You can notice that the name of the model or the variable for MAX_ITERATIONS are parametrised in the SQL query. This allows the user to control these parameters directly in the configuration file for the training pipeline to reduce duplication of logic.

pipeline_name: dummy-predictor-training
experiment_name: dummy-predictor-exp
pipeline_schedule: "1 * * * *"
timezone: "Europe/Berlin"

labels:
  team: team_name

parameters:
  model_name: "tx.fraud_detector"
  model_parameters:
    max_iterations: 20

Jinja templating is made possible by creating a custom KFP Component which executes SQL queries. You can find the definition of the component here

GCP environment setup

bash utils/scripts/setup.sh

Setup local environment

Setup environment:

virtualenv venv && source venv/bin/activate && pip install -r requirements.txt

Import training data

Run the following script to download the data in BQ:

python utils/scripts/copy_bigquery_data.py --project $PROJECT_ID --location  "us-central1"

Pipelines

Trigger training pipeline

make training-pipeline

Trigger batch scoring pipeline

make batch-scoring-pipeline

CICD

Run Cloud build pipeline for training (training pipeline is default in Cloud Build)

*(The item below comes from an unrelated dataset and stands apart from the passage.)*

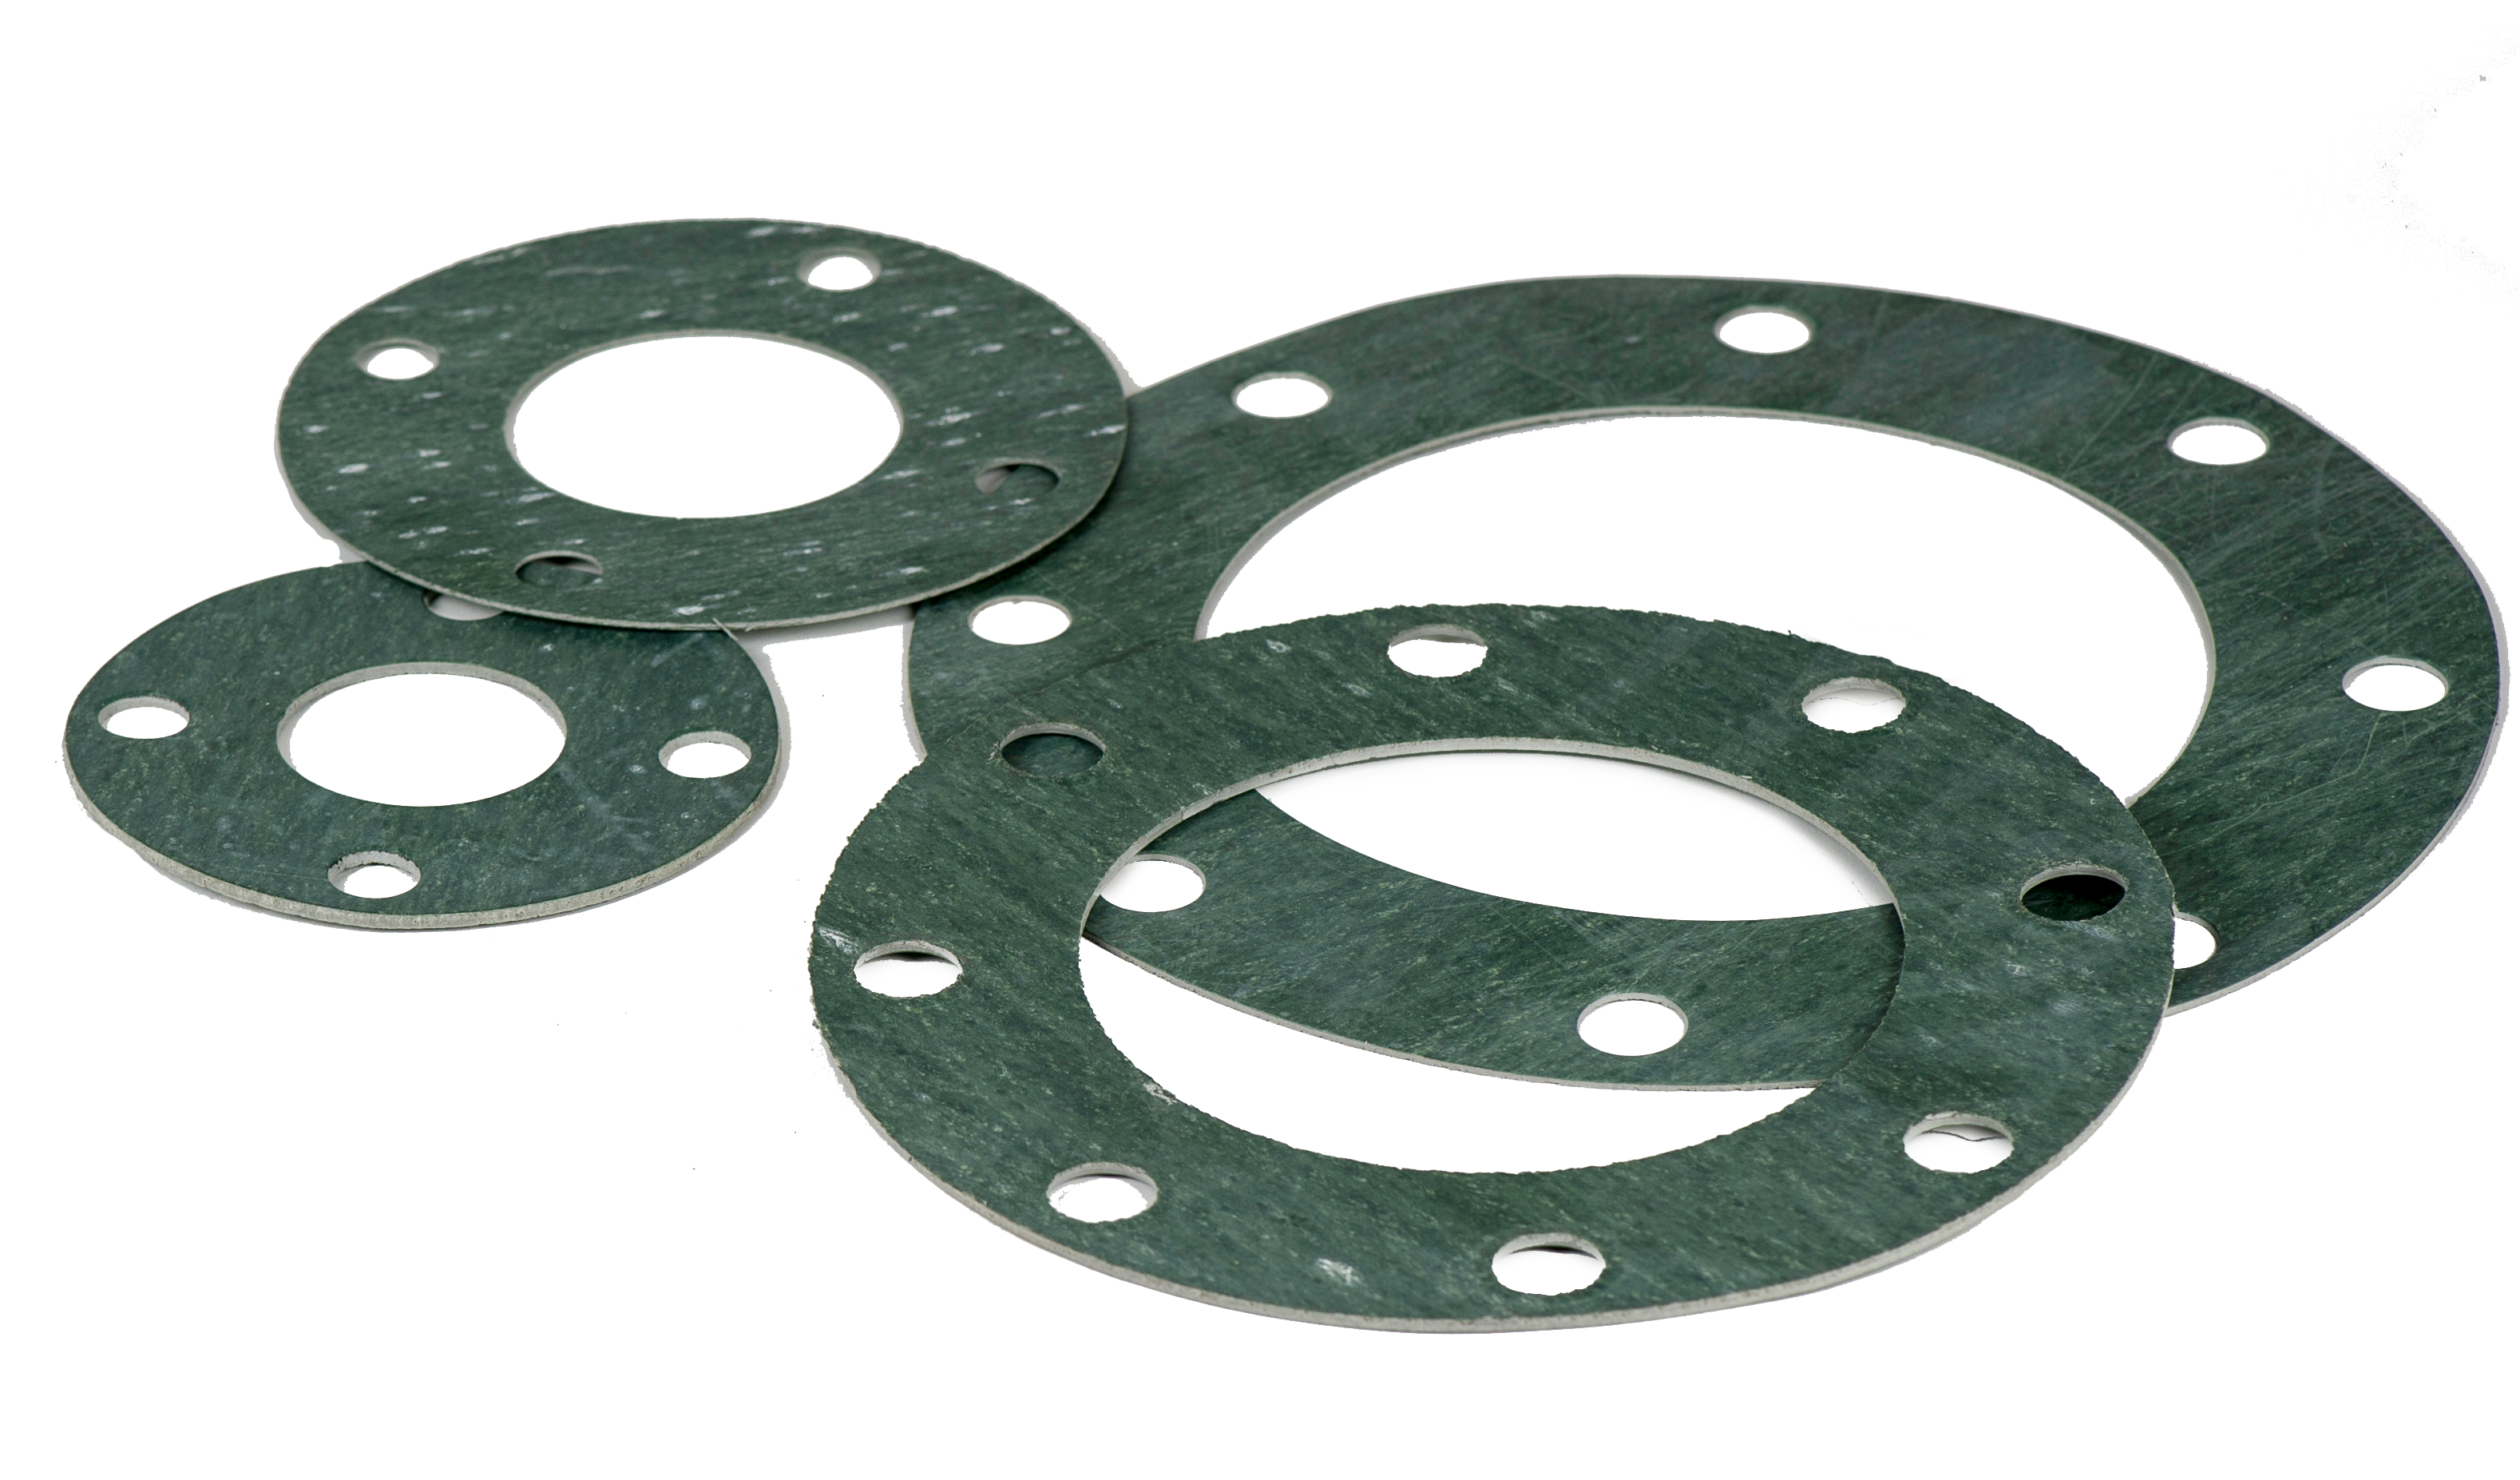 Sterling Seal CFF7106.500.062.300X10 7106 60 Durometer Full Face Gasket 0.84 ID Pack of 10 Neoprene Rubber 1/16 Thick 1/2 Pipe Size Pressure Class 300#

gcloud builds submit --config build/test_and_deploy_pipeline.yaml

Run Cloud build pipeline for batch scoring

gcloud builds submit --config build/test_and_deploy_pipeline.yaml --substitutions="_PIPELINE_FOLDER=fraud_detector/batch_scoring"

Create a repository

We create a repository in Cloud Source repository to showcase how a commit can trigger Cloud Build

REPOSITORY_NAME=fraud_detector
gcloud source repos create $REPOSITORY_NAME --project=$PROJECT_ID

git init && git config --global credential.https://source.developers.google.com.helper gcloud.sh
git remote add origin https://source.developers.google.com/p/$PROJECT_ID/r/$REPOSITORY_NAME

Please note that we copy the file for

You will need now to setup 2 triggers, for the 2 vertex pipelines you support. You would like to achieve the following behaviour:

  • Every time a file under fraud_detector/training changes, you want to trigger a new deployment of CloudBuild for the batch scoring pipeline:
gcloud beta builds triggers create cloud-source-repositories \
    --name=fd-training \
    --repo=$REPOSITORY_NAME \
    --branch-pattern=main \
    --build-config=build/test_and_deploy_pipeline.yaml \
    --substitutions="_PIPELINE_FOLDER=fraud_detector/training" \
    --included-files="fraud_detector/training/*"
  • Every time a file under fraud_detector/batch_scoring changes, you want to trigger a new deployment of CloudBuild for the batch scoring pipeline:
gcloud beta builds triggers create cloud-source-repositories \
    --name=fd-batch-scoring \
    --repo=$REPOSITORY_NAME \
    --branch-pattern=main \
    --build-config=build/test_and_deploy_pipeline.yaml \
    --substitutions="_PIPELINE_FOLDER=fraud_detector/batch_scoring" \
    --included-files="fraud_detector/batch_scoring/*"

Make your first commit

cd $REPOSITORY_NAME && git add .
git config --global user.email "your_email"
git config --global user.name "your_email"
git commit -a -m "initial commit"
git push --set-upstream origin main

mlops_template_bqml_e2e's People

Stargazers

 avatar  avatar Julien Miquel avatar

Watchers

Julien Miquel avatar  avatar

Recommend Projects

  • React photo React

    A declarative, efficient, and flexible JavaScript library for building user interfaces.

  • Vue.js photo Vue.js

    ๐Ÿ–– Vue.js is a progressive, incrementally-adoptable JavaScript framework for building UI on the web.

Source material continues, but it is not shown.